Rafael Pharmaceuticals Announces APOLLO613 Phase I/II Clinical Trial of CPI-613® (devimistat) in Combination with Hydroxychloroquine in Patients with Relapsed Clear Cell Sarcoma Begins Enrollment at City of Hope in Duarte, Calif.

Rhea-AI Summary

Rafael Pharmaceuticals announces the start of its Phase 1 clinical trial involving CPI-613® (devimistat) combined with hydroxychloroquine for patients with clear cell sarcoma, a rare and aggressive cancer. Enrollment will begin at City of Hope, California, with additional sites to follow. The trial aims to address significant unmet medical needs in this challenging sarcoma type. CPI-613® targets mitochondrial functions in cancer cells, potentially improving treatment efficacy with reduced side effects. The FDA has also designated devimistat as an orphan drug for several cancers, signaling strong research support.

Positive

• Phase 1 trial for CPI-613® (devimistat) is now open for enrollment, potentially providing new treatment options for patients with clear cell sarcoma.
• Devimistat targets mitochondrial metabolism, increasing effectiveness of existing chemotherapies while minimizing side effects.
• The drug has received orphan drug status from the FDA for multiple cancer types, enhancing its development potential.

Negative

• None.

CRANBURY, N.J., Sept. 27, 2021 (GLOBE NEWSWIRE) -- Rafael Pharmaceuticals, Inc. (“Rafael” or the “Company”), a leader in the growing field of cancer metabolism-based therapeutics, announced that the Phase 1 clinical trial of CPI-613® (devimistat) in combination with hydroxychloroquine in patients with clear cell sarcoma is open for enrollment. The clinical trial will begin enrolling patients at City of Hope in Duarte, California, with other sites across the country to quickly follow.
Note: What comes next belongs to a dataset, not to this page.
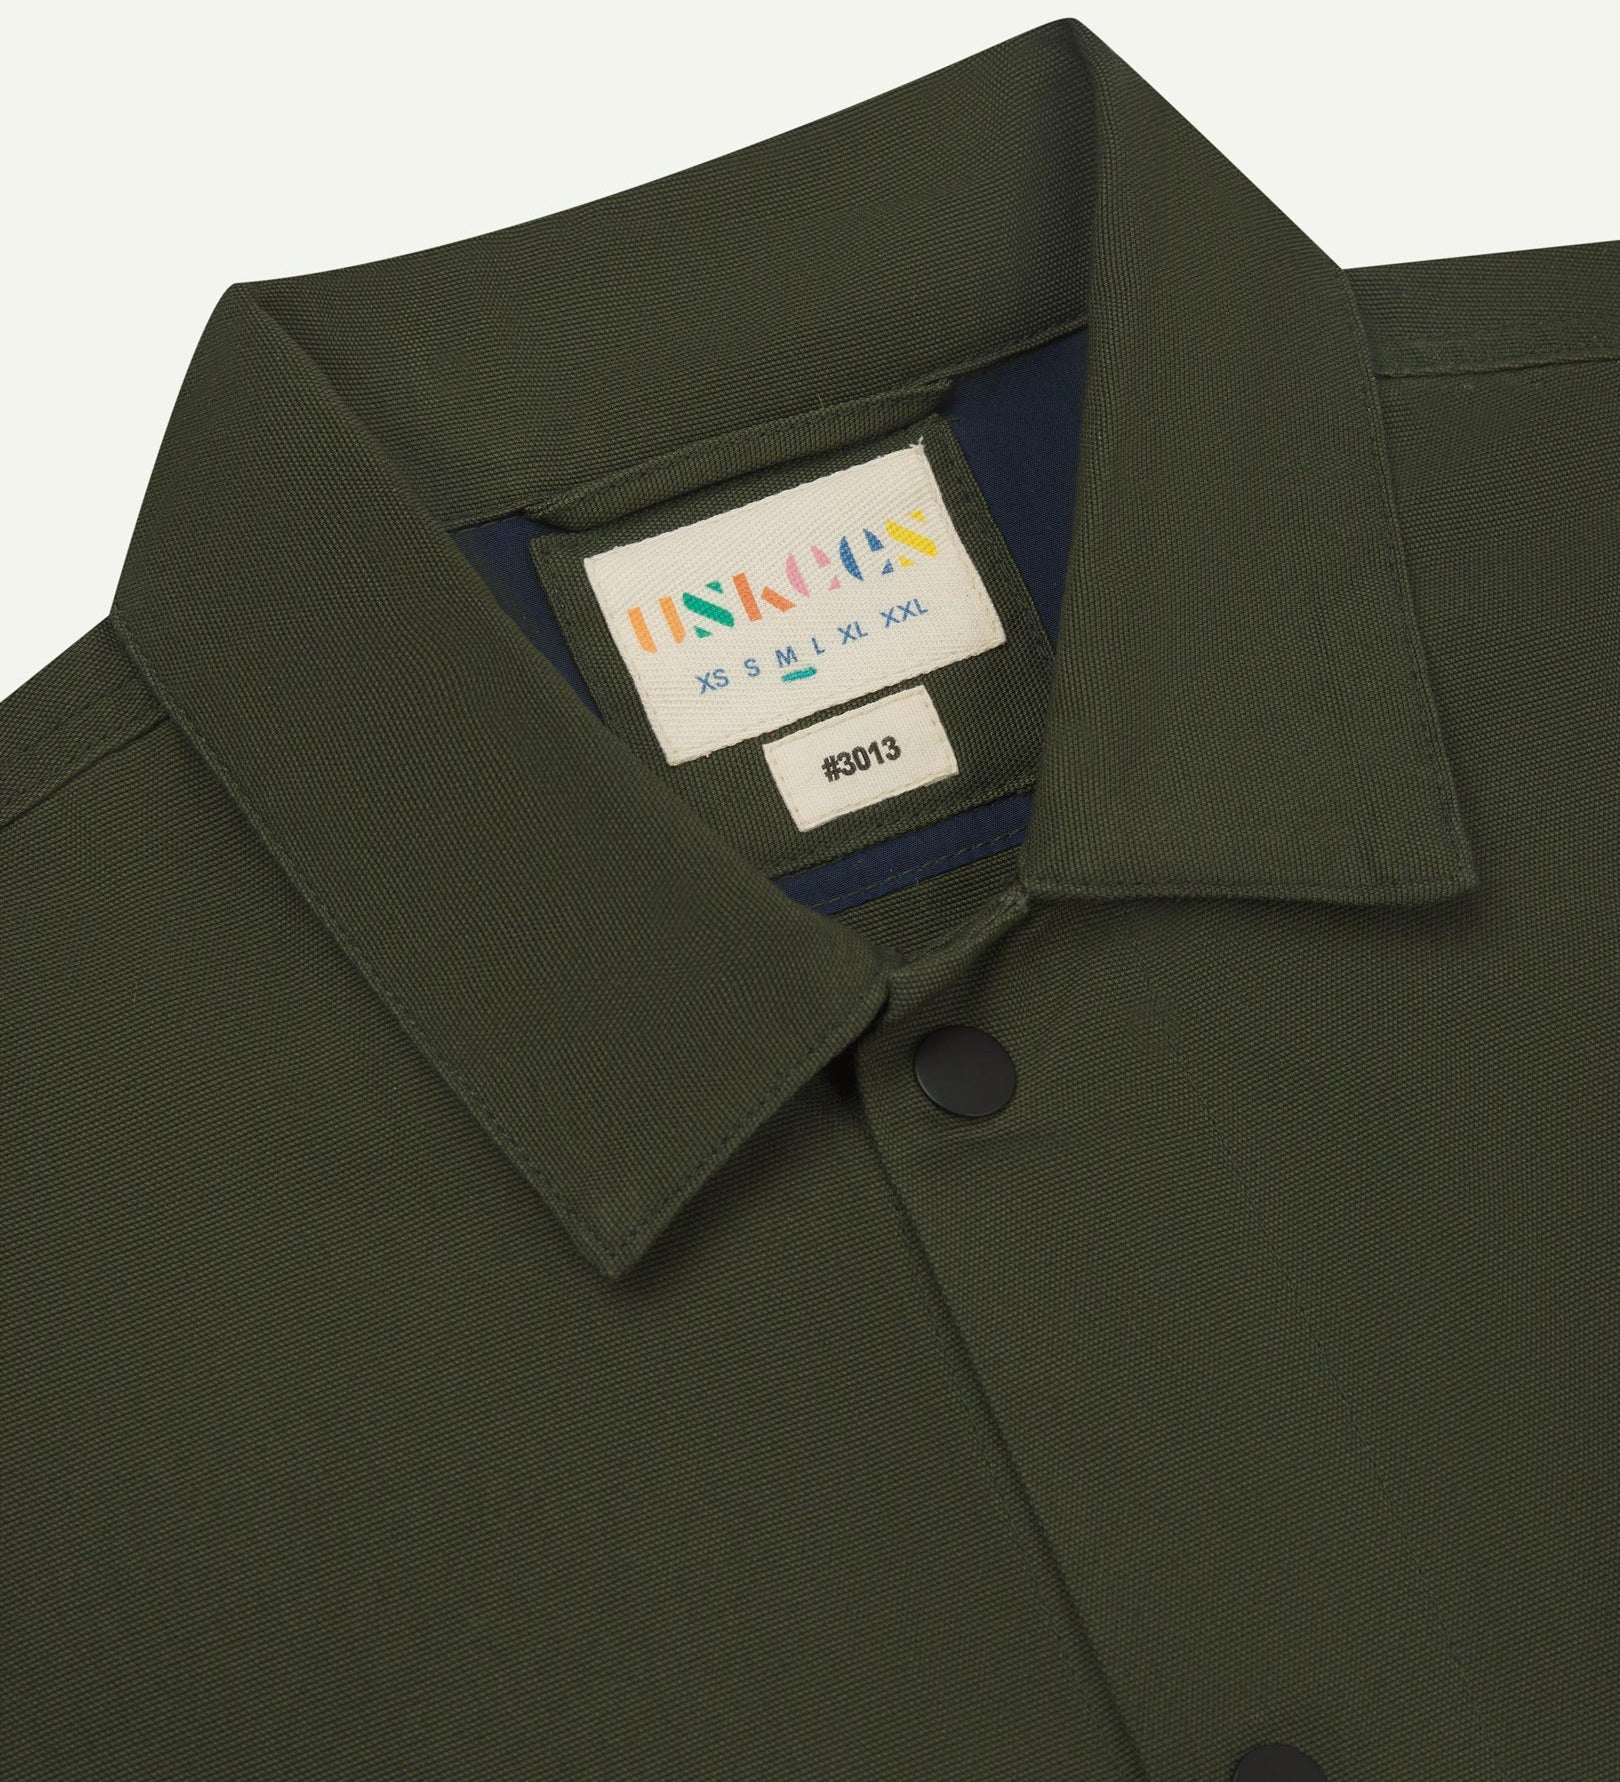 Neck view of Uskees 3013 vine green organic cotton coach jacket with focus on collar, contrast inner yoke, Uskees brand label and popper buttons.

“Clear cell sarcoma is truly one of the most challenging sarcomas to treat, as it often spreads quickly to other parts of the body and prognosis is generally poor,” said Sanjeev Luther, President and CEO of Rafael Pharmaceuticals. “The opening of this trial at City of Hope and several other sites across the country has the potential to grant a population with significant unmet medical needs a promising new treatment option.”
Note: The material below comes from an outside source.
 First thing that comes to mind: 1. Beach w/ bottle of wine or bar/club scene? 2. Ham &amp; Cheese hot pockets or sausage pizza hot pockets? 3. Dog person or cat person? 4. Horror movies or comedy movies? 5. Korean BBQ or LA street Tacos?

“We are optimistic that this trial will provide a potential path forward for individuals suffering from clear cell sarcoma, one of the rarest diseases in the world,” said Mark Agulnik M.D., principal investigator from City of Hope.

“This aggressive sarcoma afflicts patients of all ages, especially children and young adults. Currently available standard therapies are limited in their benefit to patients,” said Rashmi Chugh, M.D., medical oncologist from the University of Michigan. Matteo Trucco M.D., pediatric oncologist from the Cleveland Clinic added, “This trial is pivotal as we work towards additional treatment options for patients and families affected by this aggressive disease.” Chugh and Trucco are both co-principal investigators on this multicenter study.

According to the National Cancer Institute, clear cell sarcoma is so rare, it is relatively unknown how many people suffer from it. Although treatment options are scarce, the increased research around this cancer and potential treatment options signals hope for patients, families, caregivers and doctors.

About CPI-613® (devimistat)
CPI-613® (devimistat) is a first-in-class clinical lead compound of Rafael, which targets enzymes that are involved in cancer cell energy metabolism and are located in the mitochondria of cancer cells. Devimistat is designed to target the mitochondrial tricarboxylic acid (TCA) cycle, a process essential to tumor cell multiplication and survival, selectively in cancer cells. Devimistat substantially increases cellular stress and the sensitivity of cancer cells to a diverse range of chemotherapeutic agents. This synergy allows for potential combinations of devimistat with lower doses of these generally toxic drugs to be more effective with lower patient’s side effects. Combination with devimistat represent a diverse range of opportunities to substantially improve patient’s benefit in many different cancers. The U.S. Food and Drug Administration (FDA) has given Rafael approval to initiate pivotal Phase 3 clinical trials in pancreatic cancer (AVENGER 500) and acute myeloid leukemia (ARMADA 2000) and has designated devimistat as an orphan drug for the treatment of pancreatic cancer, acute myeloid leukemia, myelodysplastic syndrome, peripheral T-cell lymphoma, soft tissue sarcoma, Burkitt’s lymphoma and biliary tract cancer. The EMA has granted orphan drug designation to devimistat for pancreatic cancer and acute myeloid leukemia.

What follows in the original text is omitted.